◆ **DIRECTIONS**
Could you repeat the whole listing below exactly, omitting any picture it holds?

◆ **SOURCE MATERIAL**
== Segment start ==

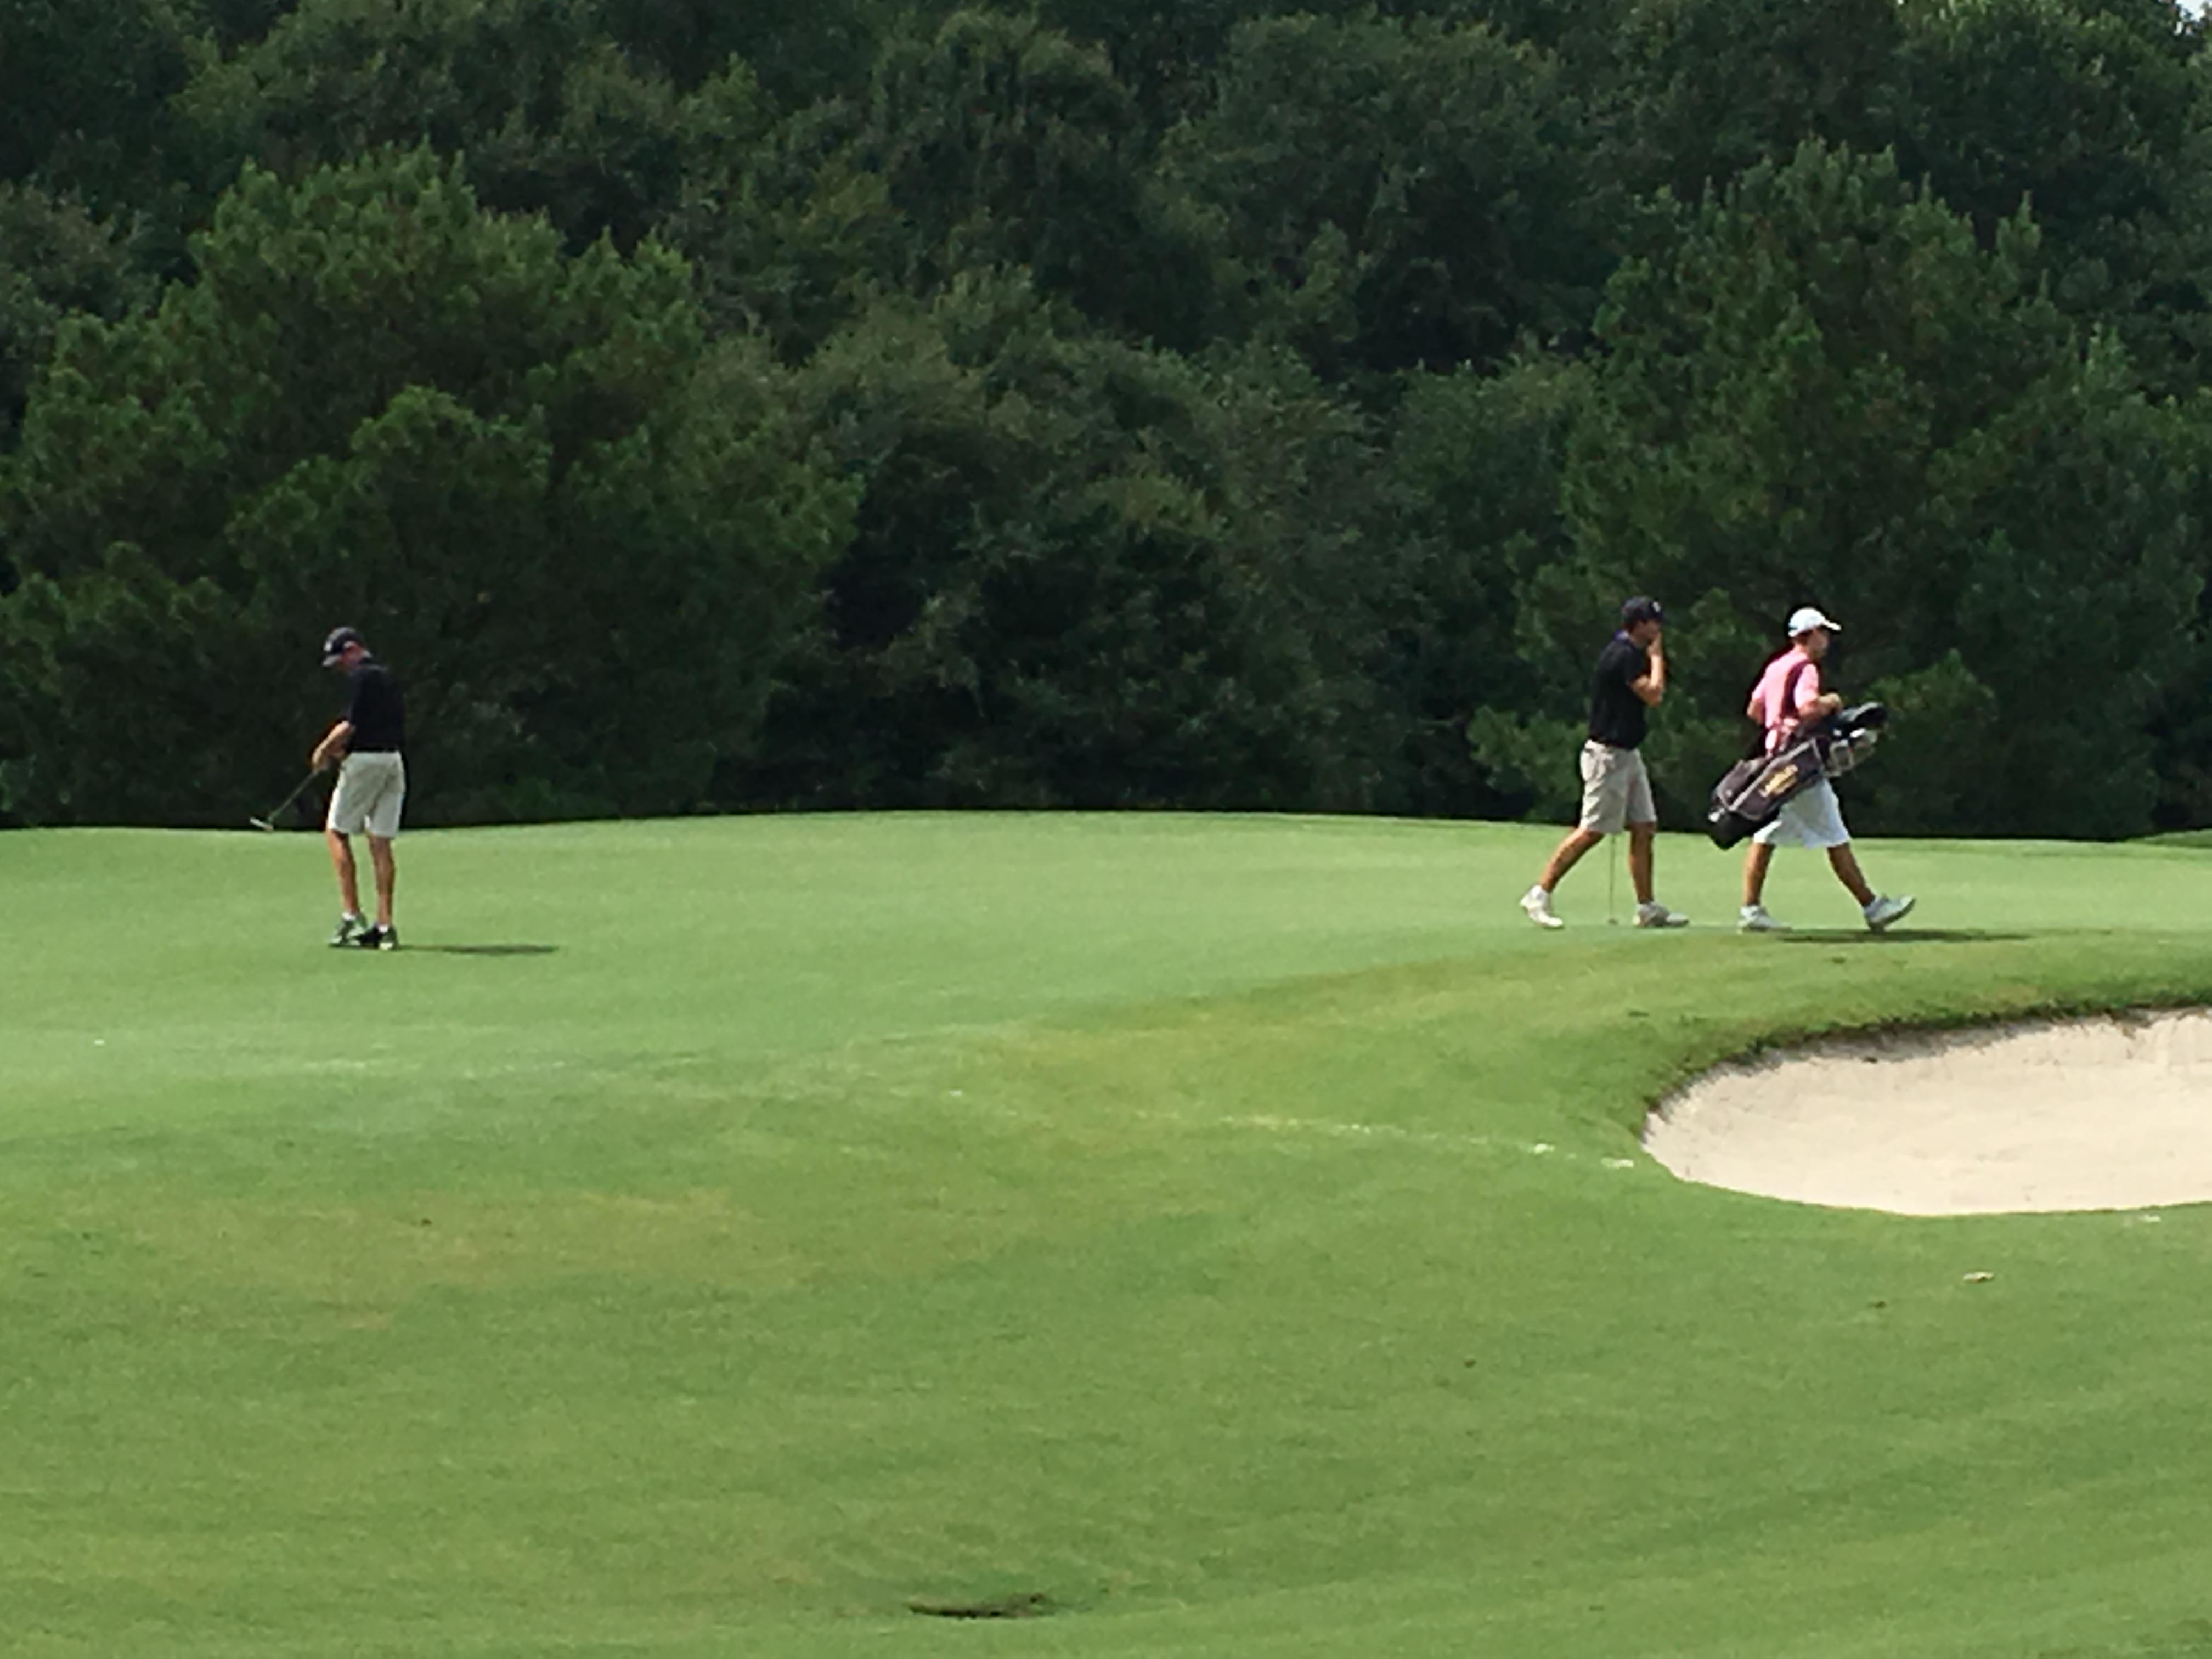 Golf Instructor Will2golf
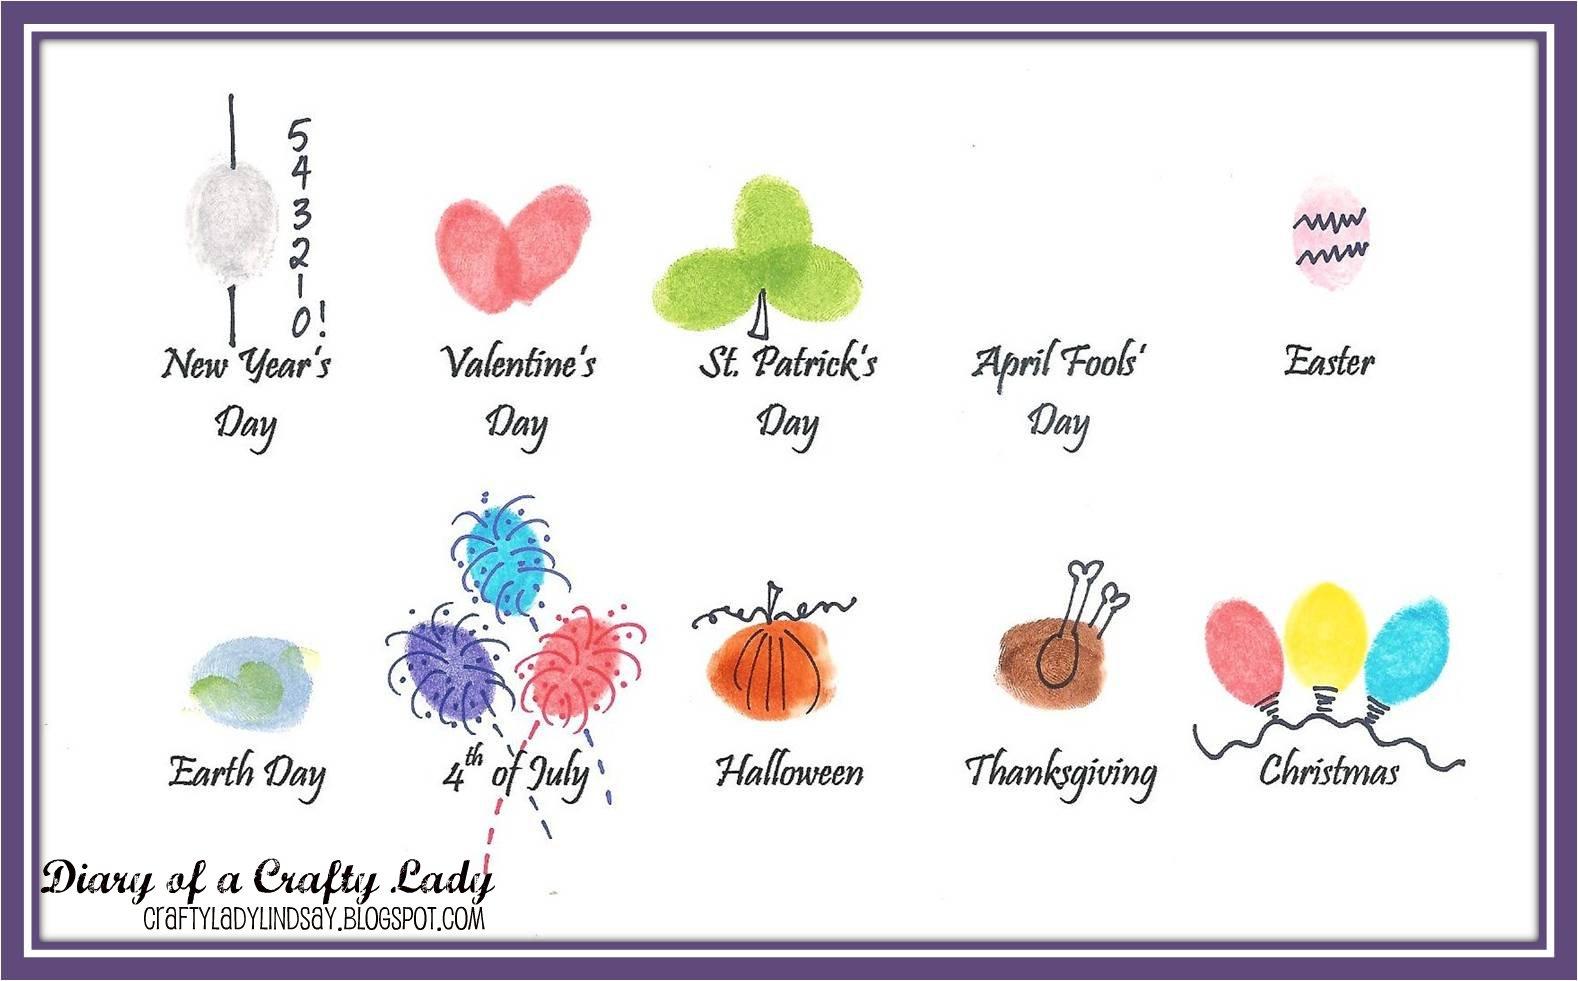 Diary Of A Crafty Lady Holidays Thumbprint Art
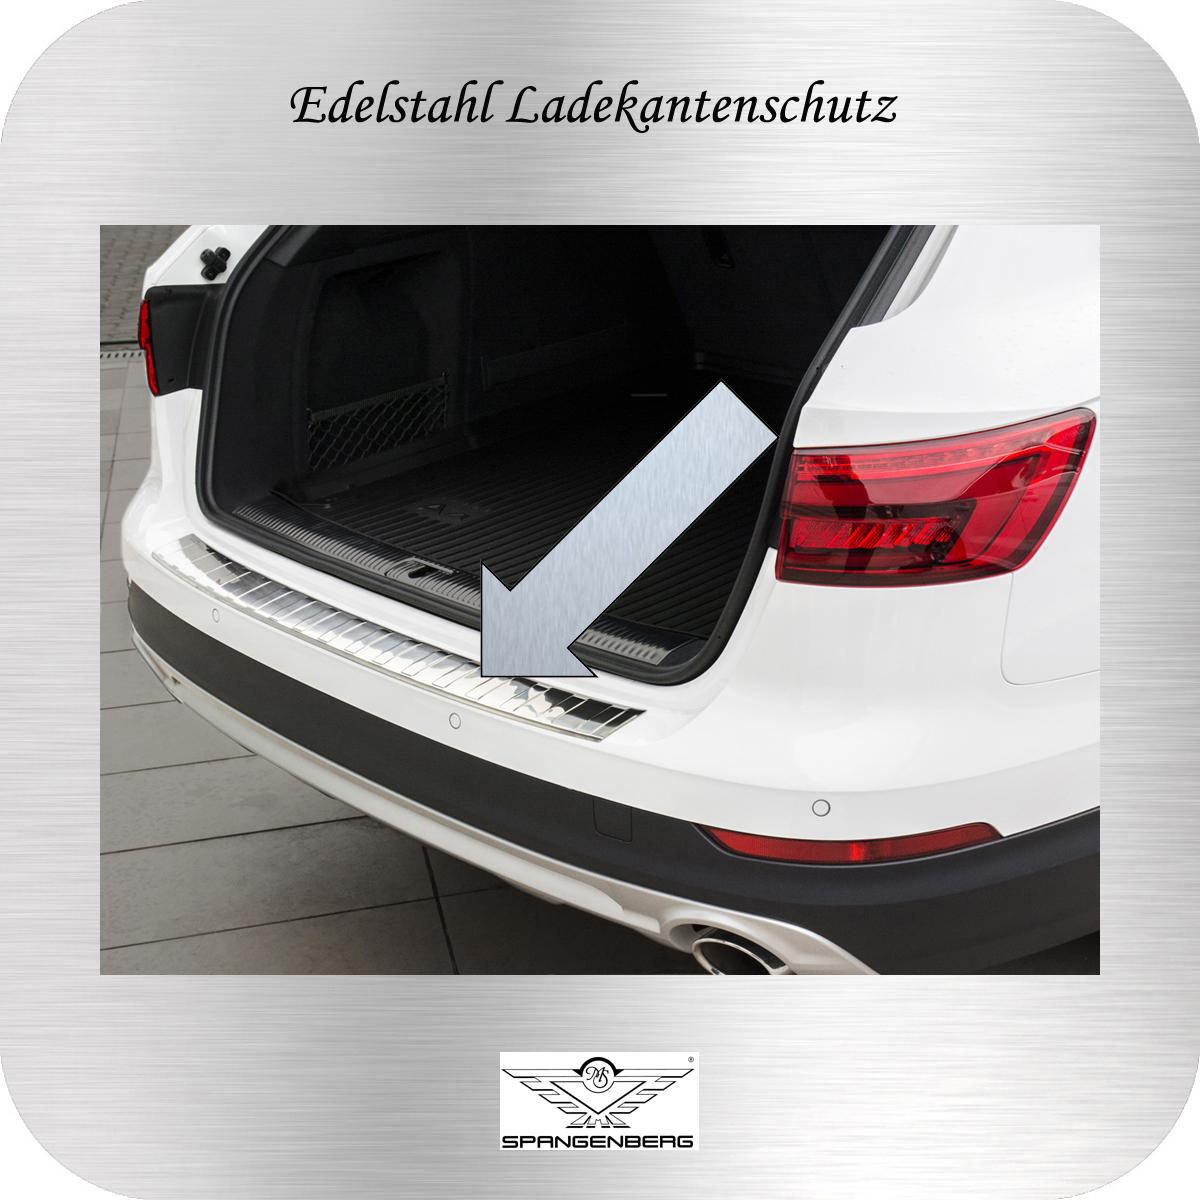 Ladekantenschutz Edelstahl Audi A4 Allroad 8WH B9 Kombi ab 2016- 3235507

== Segment end ==

◆ **SOLUTION TO THE EXERCISE**
 Golf Instructor Will2golf
 Diary Of A Crafty Lady Holidays Thumbprint Art
 Ladekantenschutz Edelstahl Audi A4 Allroad 8WH B9 Kombi ab 2016- 3235507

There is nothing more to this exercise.